A few lessons from building this that might be useful if you're thinking about AI agent security:

Whitelists beat blacklists, always. Trying to enumerate every dangerous command is a losing game. New tools, new flags, new attack patterns — the list never ends. Instead, enumerate what's safe and hold everything else. The default posture should be "prove this is okay," not "prove this is dangerous."

Latency is the enemy of adoption, not security. The number one reason teams turn off security controls is that they slow things down. We spent more engineering time optimizing the approval flow (WebSocket latency, Slack integration, auto-approve policies) than on the actual command interception. If the security layer adds perceptible delay to the happy path, people will route around it.

Audit trails matter more than you think. Even with before-execution approval, you need hash-chained audit logs that can prove what happened and when. Not just for compliance — for debugging. When an agent does something unexpected, the audit trail is how you figure out which approved command led to the problem.

Agents are harder to secure than humans because they don't context-switch. A human engineer will notice something feels wrong. They'll stop and check. An agent just keeps going. Your security layer needs to be the thing that notices, because the agent won't.

What Comes Next

SSH is where we started, but it's not where we'll stop. The same intercept-evaluate-decide pattern applies to:

• API calls. An AI agent calling your internal APIs needs the same kind of gating. Should this agent be allowed to call the billing API? Should it be able to modify user records? The answer shouldn't be baked into a static API key — it should be evaluated per-request, in context.
• Browser automation. Agents using tools like Playwright or Puppeteer to interact with web applications. Every page navigation, every form submission, every click is a potential action that deserves scrutiny.
• Code execution sandboxes. When an agent runs arbitrary code in a container or VM, the same principle applies: intercept the execution request, evaluate the risk, decide whether to proceed.
• MCP tool calls. The Model Context Protocol is becoming a standard for how agents interact with external tools. Each tool call is an action that can have real-world consequences.

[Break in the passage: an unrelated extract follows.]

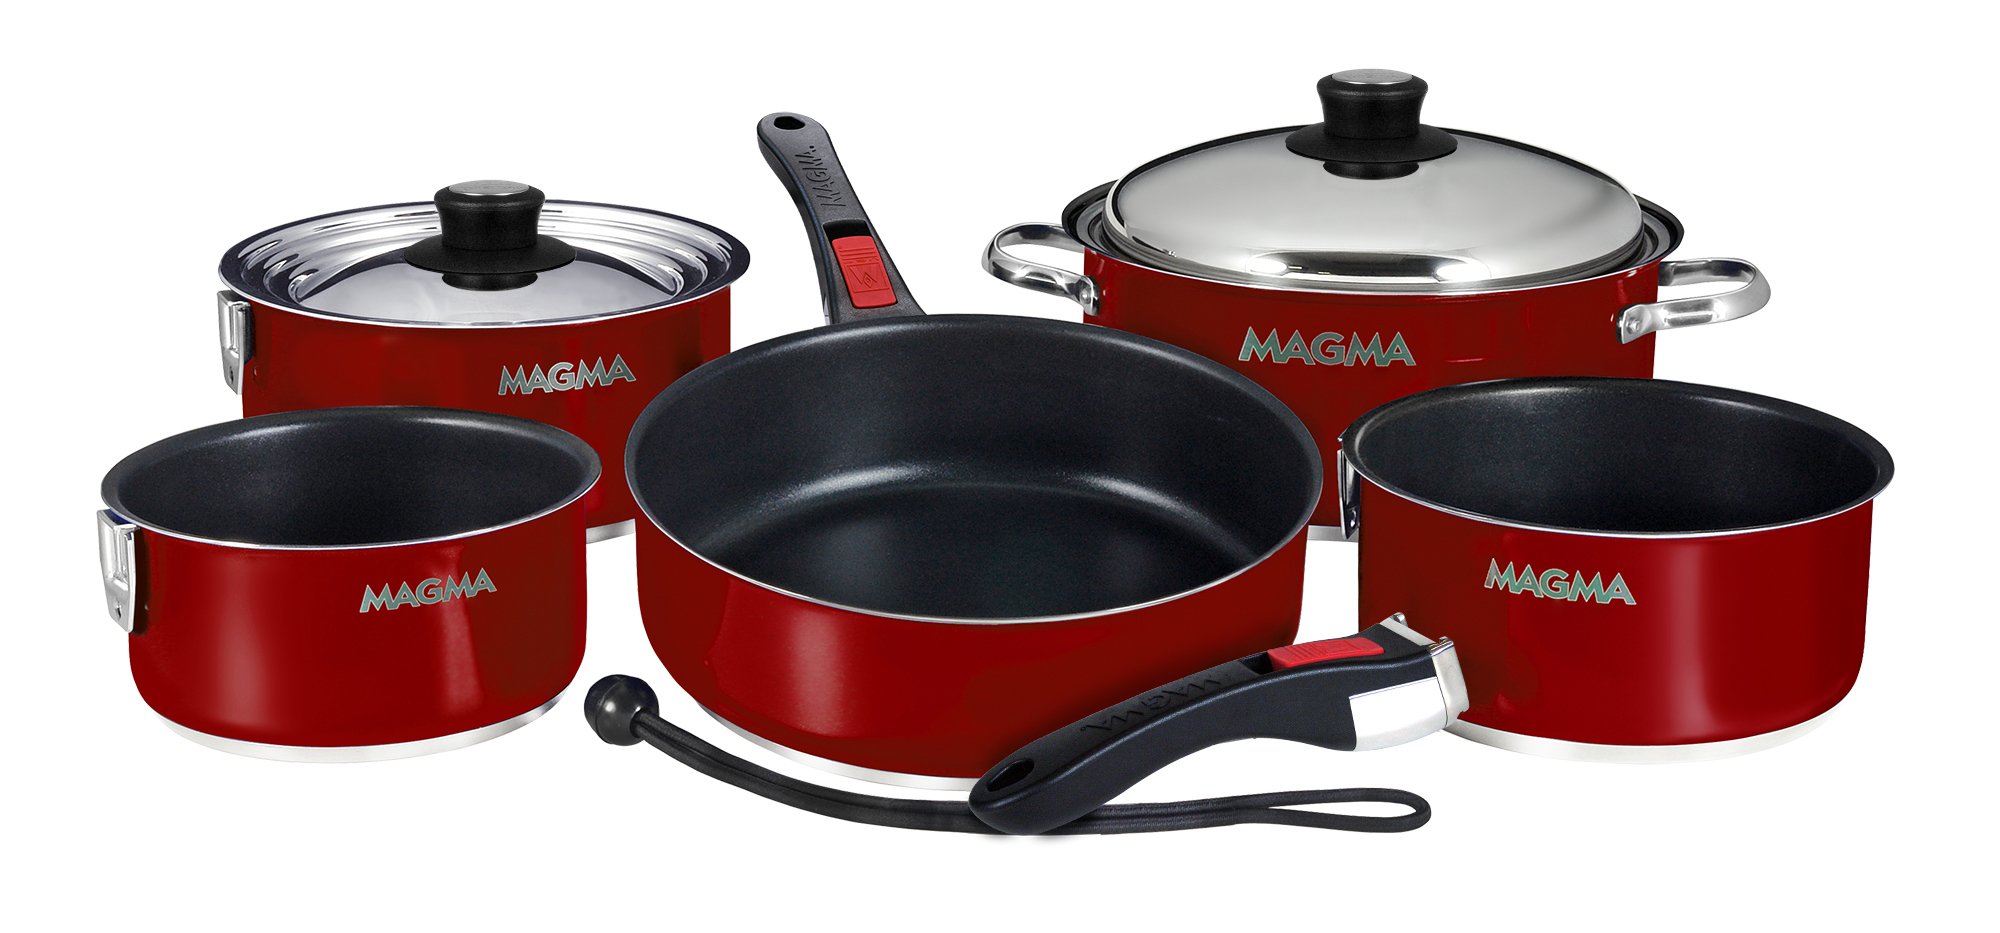 Magma Ceramica 10 Piece Cookware Set - Boundless Outfitters

The protocol details differ, but the architecture is the same. An approval queue. A policy engine. A human in the loop when it matters. A fast path when it doesn't.

We think every team running AI agents in production will need something like this within the next 18 months. Not because the agents are dangerous, but because trust needs a mechanism. You don't deploy to production without CI/CD. You don't merge without code review. And pretty soon, you won't let an AI agent execute commands without an approval layer.

The bastion gave us access control. The firewall gives us intent control. That's the upgrade the AI agent era demands.